Wednesday, August 31, 2011

Are you smarter than your math teacher?

This is an interesting question that was imposed on me in an indirect fashion tonight at our student open house. Our textbook was opened to a random page, and a parent asked me to solve the problem, on the spot. I did, successfully, and the parent was satisfied. I am not sure how I feel about this. Should I be offended? 

The zombie part of my brain says, "Dude, you've been at work going on ten hours straight, and you want me to do calculations?" while the logical part of my brain says, "It's a parent's right to know whether the teacher knows the content well enough to push my student hard enough". But the bigger question is, does a teacher need to be able to solve random problems in the book on the spot, to be capable of teaching and challenging students effectively? According to the students themselves, the answer is NO.

This seems backwards, doesn't it? My G/T training this summer gave teachers a chance to brainstorm lists of our opinion of what makes an effective G/T teacher. We came up with a list pretty similar to the ones on the first list on the link below. It was a hand-out we were given that totally blew my mind.

Now that you've read what teachers think makes a good G/T teacher, read further down in the article to the student survey of what gifted students actually want from their teacher. The percentages astounded me.

50% of gifted students felt that it was most important for their teachers to make it fun, understand them as an individual, have a good sense of humor, and be cheerful in the classroom.

30% of gifted students felt it was important that their teacher was supportive and flexible.


Only 5-10% of gifted students responded that it was important for their teacher to be an expert in their subject area or be able to explain the subject well. 


I am looking forward to testing these ideas out this fall with several students. I know I will make mistakes, and I encourage students to catch me making them by rewarding them with good behavior marbles. When we fill our marble jar, half an hour free time. Do they do anything productive or educational during free time? Rarely. Do they fill the jar quickly? Not really. It fills roughly every 3-5 weeks. Will they do just about anything to earn marbles? Yes! And they get so stinking excited about them too!

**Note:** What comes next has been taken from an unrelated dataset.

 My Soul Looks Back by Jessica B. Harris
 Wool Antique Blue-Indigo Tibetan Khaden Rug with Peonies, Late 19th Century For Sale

"Mrs. Bellm, you mixed up our names again!"  "Oops! Five marbles for each of you."
"Mrs. Bellm, that's the wrong answer. It should be ____." "Good catch! Ten marbles!"
"Mrs. Bellm, can I pick up scraps for marbles?" "Sure! 20 scraps = 5 marbles!"
"Mrs. Bellm, is the jar full yet? How many do we have left? When will we get game time?"

I pass them out at the beginning of the hour if the kids are prepared and on task.
I pass them out for reading aloud in class.
I give out extra marbles for really good answers.
I bribe them with twenty marbles for being SILENT in the halls between math labs.
I even offer five marbles a piece for extra boxes of Kleenex and hand sanitizer!

Oh, did I mention, I can take them back too? If they screw around, I just stand in front of the marble jar or dig my hand into the pile, and they all shut up. I grab a handful and start walking away from the jar and they all whine and look sad and contrite. If they are really really bad, I have dumped out an entire Care Bear mug's worth back into my starting bag, but that only happened once, ever. No shushing needed, they shush themselves!

So what does this have to do with gifted students? Well, a lot actually. They often are the restless, unfocused ones in the group, because they get it already. Sometimes they're the immature ones who act out trying to impress their friends with naughty behavior, or sneaky behavior, or big words. (or selling pop cans out of lockers) They are "above" what we are doing, and then act snotty or dismissive, because the rest of the class (including the teacher) are about five steps behind them on any given problem or project. Add these all up, and you get a big need for positive, proactive behavior management.

If gifted kids want their teacher to be funny and positive and flexible, that marries well to concrete or sarcastic (but not rude) behavior reminders. And I love sarcasm. Make 'em laugh, and then redirect them. Make a zombie comment, or just change the subject. And my favorite new reminder system that I found in a magazine, have some "duh!" sheets printed out that say things like "I know I need to bring a pencil and paper to class" or "I know I have to wait to go the bathroom until the end of the hour" or "I know I can't shred paper and pencils or gouge holes in the wall with a compass, or stick gum in a rainbow pattern all over the underside of my desk". And then if they decide to act out anyway, I'll give them one to sign. Next infraction, BOOM you gotz yerself a behavior ticket! (two more and you're at a detention and that is NOT a fun use of a Tuesday afternoon).

Now that we've removed every possible behavior problem forever (yeah right) I might be able to actually teach. Maybe. But I still need to prove to the parents that I can teach, even if their gifted kids don't really care one way or another. All I have to do is make it "fun" - bring on Bungie Barbie and her friends, Polynomial Ken (or maybe bi-nomial Ken would be a better name) and make them laugh a lot (show the 18 Wheels on a Big Rig song on the first day of class) and then get to know them individually by talking to them in the halls before class and not being in such a hurry to curtail off-topic conversations during class.

Am I smarter than a 7th grader? Possibly. Do I have more life experience than a 7th grader? Bucket loads. Do I have a higher IQ than most of the students in my class? Doubtful. But part of being a Zombie Teacher is that I couldn't care less what my students think of me; whether they think I dress weird, or said something stupid or got a problem wrong, or if I stumble around in either a frenzied or comatose zombie state. I will be entertaining just by being my clutzy self... I will be unpredictable because they'll never know which zombie will show up... and they will learn not only math smarts, but personal smarts by following my example.

"Know thyself!" -Plato

"Life moves pretty fast. If you don't stop and look around once in a while, you could miss it." -Ferris Bueller

And my favorite thing to do to make 'em laugh: put silly random Graph Jam graphs on every lesson!